Data shown -
....

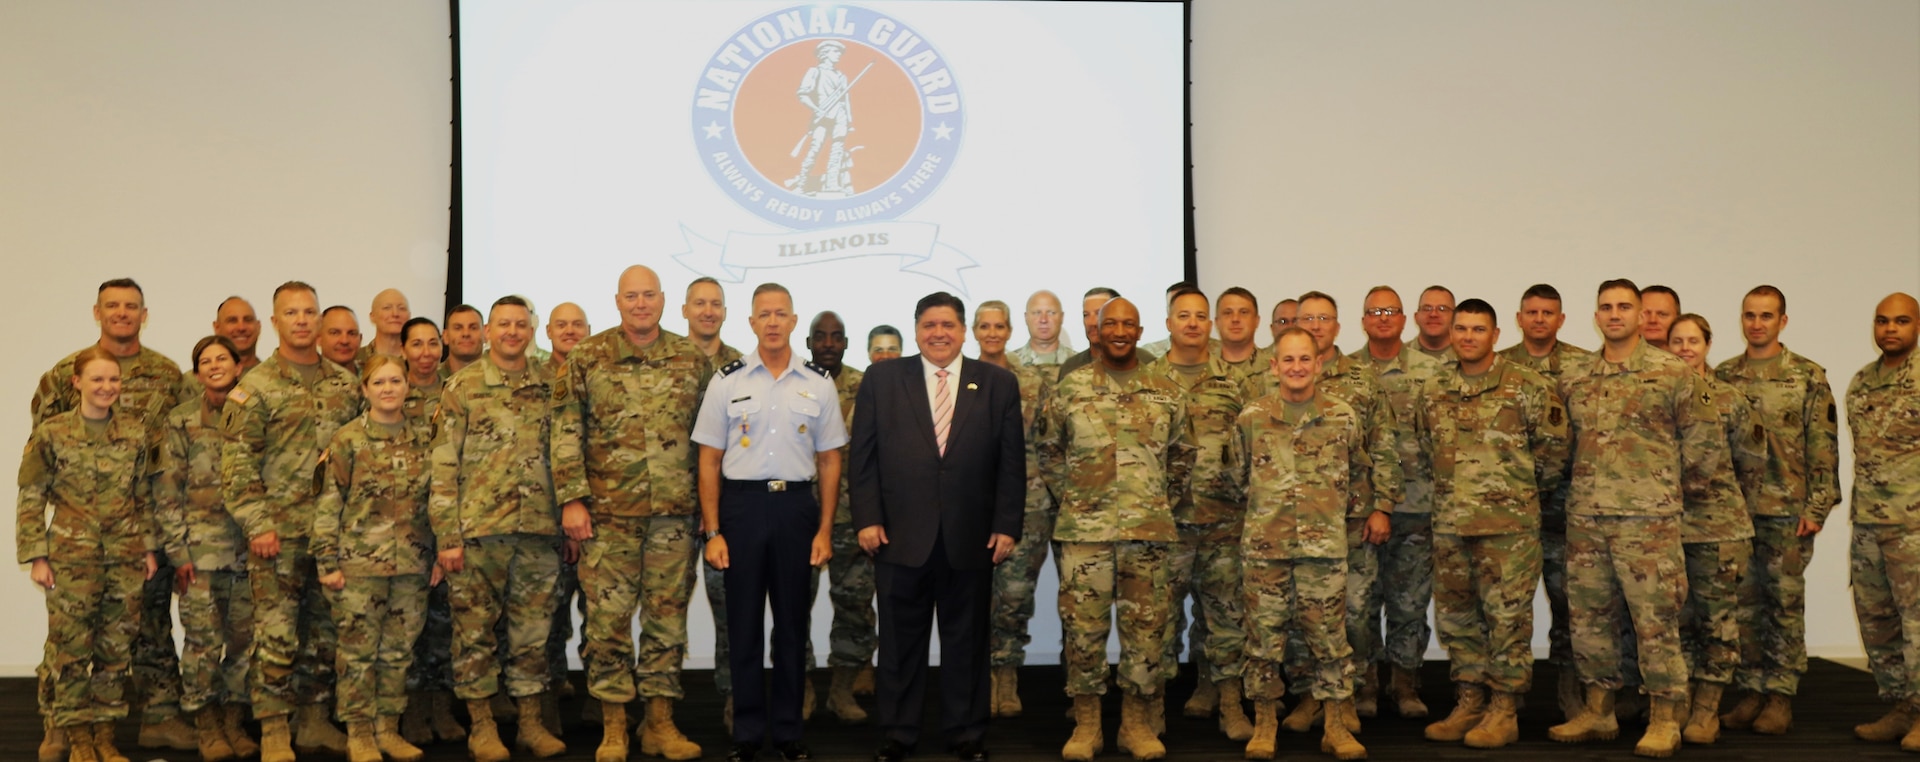 Illinois Governor JB Pritzker, Maj. Gen. Rich Neely, the Adjutant General of Illinois and the Commander of the Illinois National Guard, and participants in the Illinois National Guard's quarterly Senior Leader Engagement pose for a group photo.
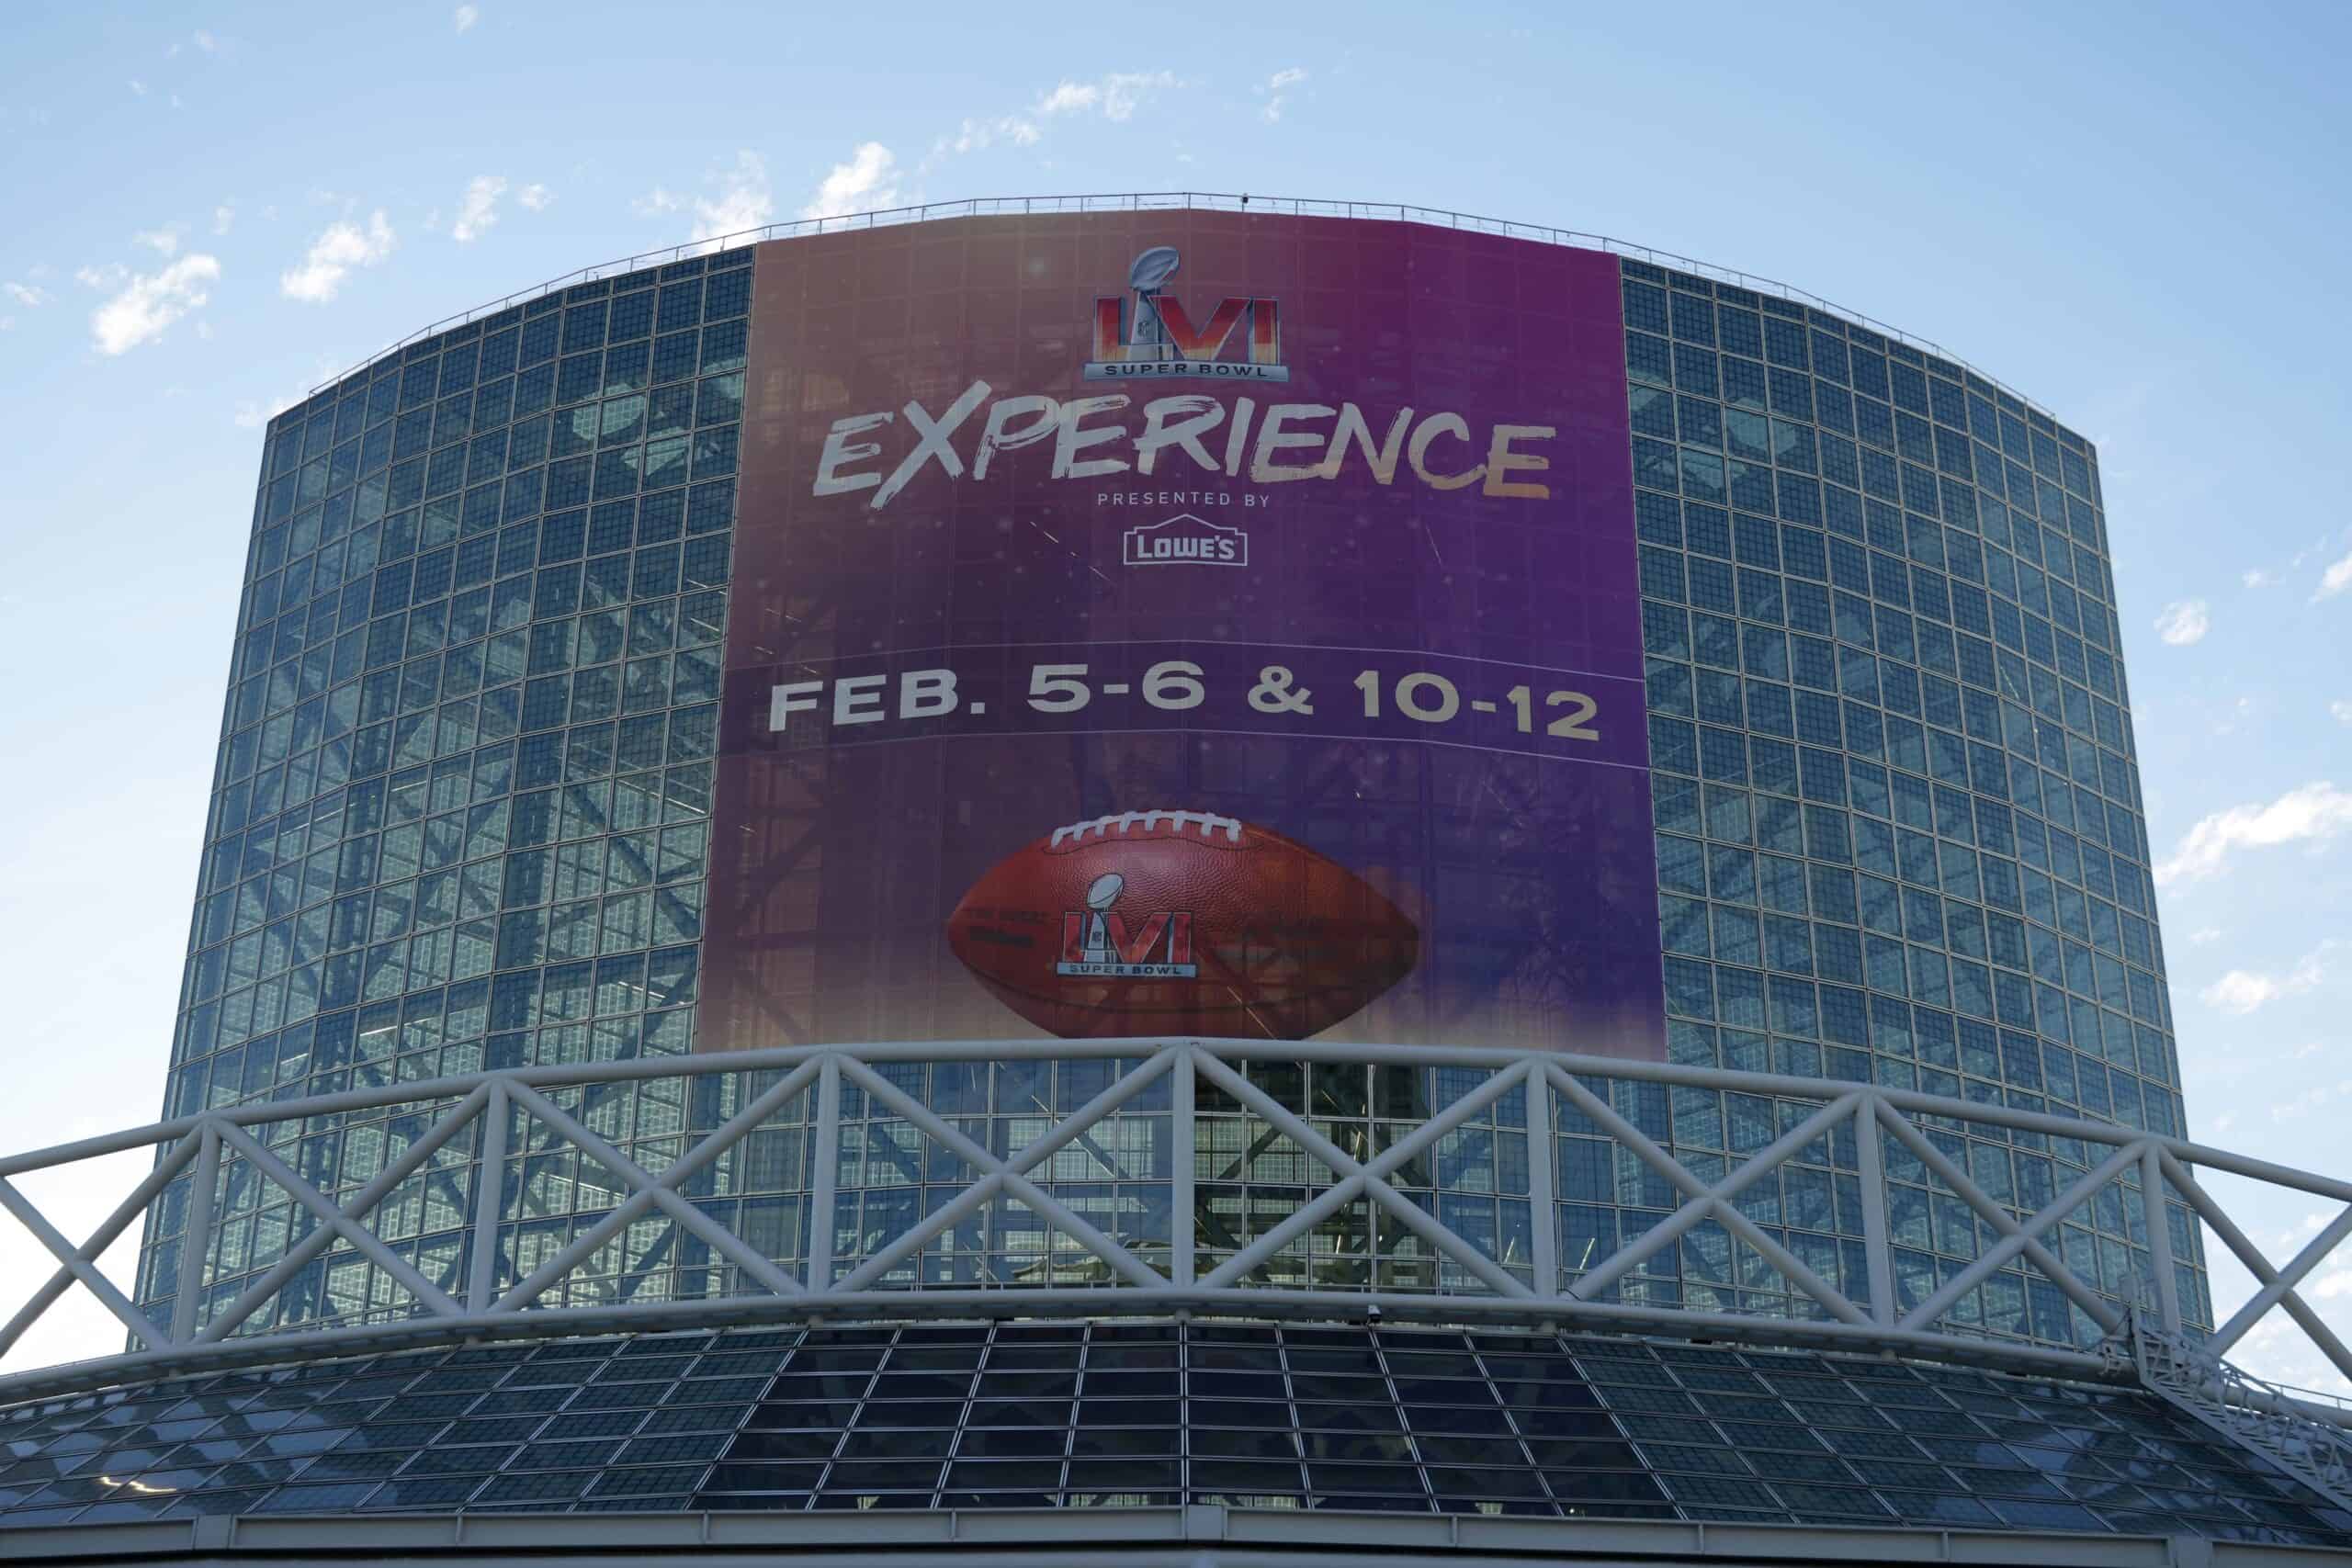 super bowl game day experience
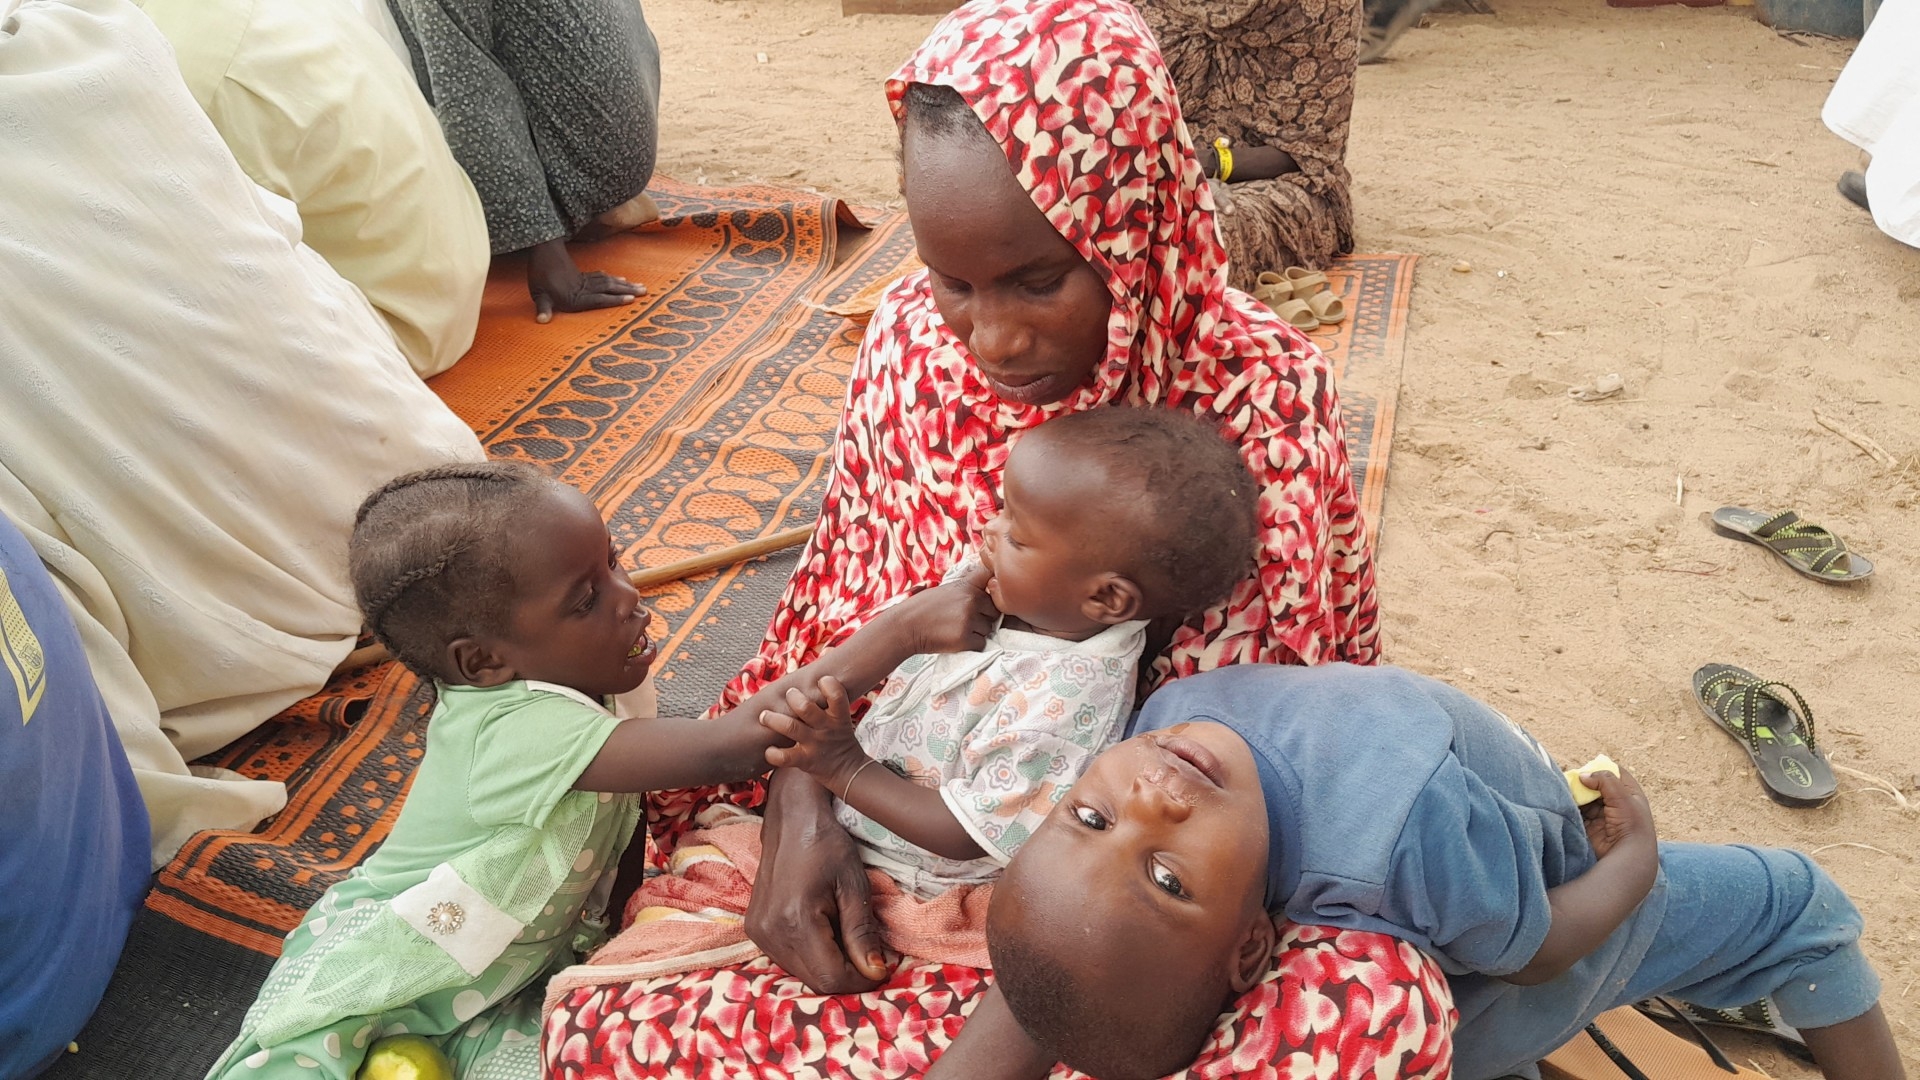 A Sudanese refugee who fled the violence is seen with her children as she gathers with other refugees near the border between Sudan and Chad, in Koufroun, Chad on 29 April (Reuters)

....

Task goal -
Print the listing exactly, minus its pictures.

Output -
 Illinois Governor JB Pritzker, Maj. Gen. Rich Neely, the Adjutant General of Illinois and the Commander of the Illinois National Guard, and participants in the Illinois National Guard's quarterly Senior Leader Engagement pose for a group photo.
 super bowl game day experience
 A Sudanese refugee who fled the violence is seen with her children as she gathers with other refugees near the border between Sudan and Chad, in Koufroun, Chad on 29 April (Reuters)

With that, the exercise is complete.